Aireos, I don't know if I am just too cool and can hover above all this tragedy. Or if I'm the shell-shocked soldier sitting there with his ears ringing, wondering what just happened.

I don't know where this fits but I'll plug it in right here because it happened today. If these un-mailed letters are suppose to help you let the steam off, I'll vent here for a second and see.

I had a working lunch with my wife today to make sure we have all the numbers (in half) that we will show to the mediator tomorrow. From our numbers the mediator will draft the MSA (Marital Separation Agreement), which we'll sign in a few days and which she will file with the court to start the six-month dissolution clock running.

My wife looked beautiful as always - but don't let me go there.

When we sat down at the table, the first thing I noticed was that she was not wearing her wedding ring. That bothered me. Was it some kind of taunting provocation, an intentionally contemptuous act of defiance on her part or was it a wave of reality finally washing over me? Whatever it was, it bothered me but I didn't say anything then. I decided to hold my "pissyness" until after we got our business with the numbers done and out of the way.

We did a good (fast) job with the numbers. I don't know if I'm being too easy and accommodating or if she is being very considerate and not asking for or taking too much.

About half way through the numbers and lunch, an elderly couple passed by us and they were helping each other walk without falling.

I paused and watched them for a moment and said, "That's the way I hoped we would grow old together."

Her comment was, "Julian, would you please stay focused on the problem at hand!" She cleared the calculator and continued.

We finished the numbers along with lunch, put our papers away and ordered coffee. We talked about nothing for a short while, until it was time for me to get "pissy".

"I see you are not wearing your wedding ring. Does that mean you are advertising your availability? I mean the ring used to be a stop sign for any roving Casanovas. Since the ring is put away does that mean the stop signs are down too?"

Nothing.

"I haven't had sex for nearly four months. You putting down one flag and raising another, does that mean I'm a 'free agent' and can go looking for a little diversion, a little recreation, a little amusement, a little whatever?"

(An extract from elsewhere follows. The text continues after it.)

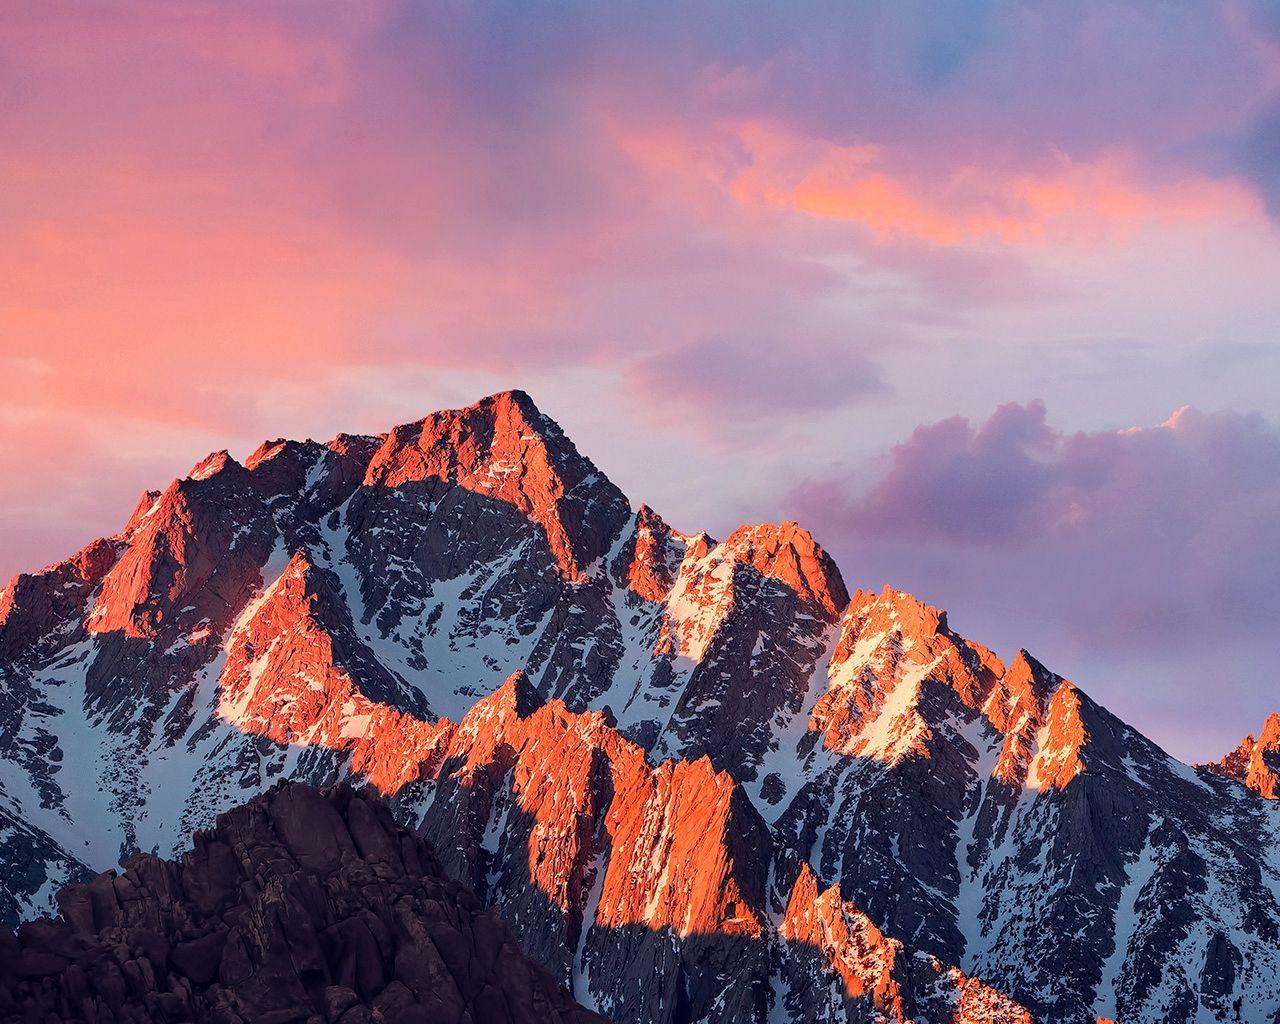 Mac Wallpaper 4k Yosemite Gallery Latar Belakang Kertas Dinding Wallpaper Ponsel

"It means you can go do whatever you want to do."

A long silence was finally broken when she asked something about her car.

"I want to lower the value of my car on the spread sheet. One of the electric windows is acting flaky and won't come down and it needs a smog check to renew its registration. It's a piece of junk."

"If you had a husband, he would take care of all of that for you."

"Well, it's time I learned how to do some of that stuff myself."

"Yeah, right, whatever."

I started to tell her about the fuse that would solve the window problem but the hell with her. Let her pay through the nose to have some professional solve her problem at union hourly rates.

As I started to get up and leave, I realized half of what she was going to have to pay to a professional was going to come out of my half of anything, so I sat back down and told her about the fuse.

Man Aireos, what a depressing and exhausting lunch. Seriously, the way she comes across, she really wants out. There is no doubt about it.

Aireos. Aireos. Aireos.

That's okay partner. I'll just sit here and hover for a while, if you don't mind - Julian.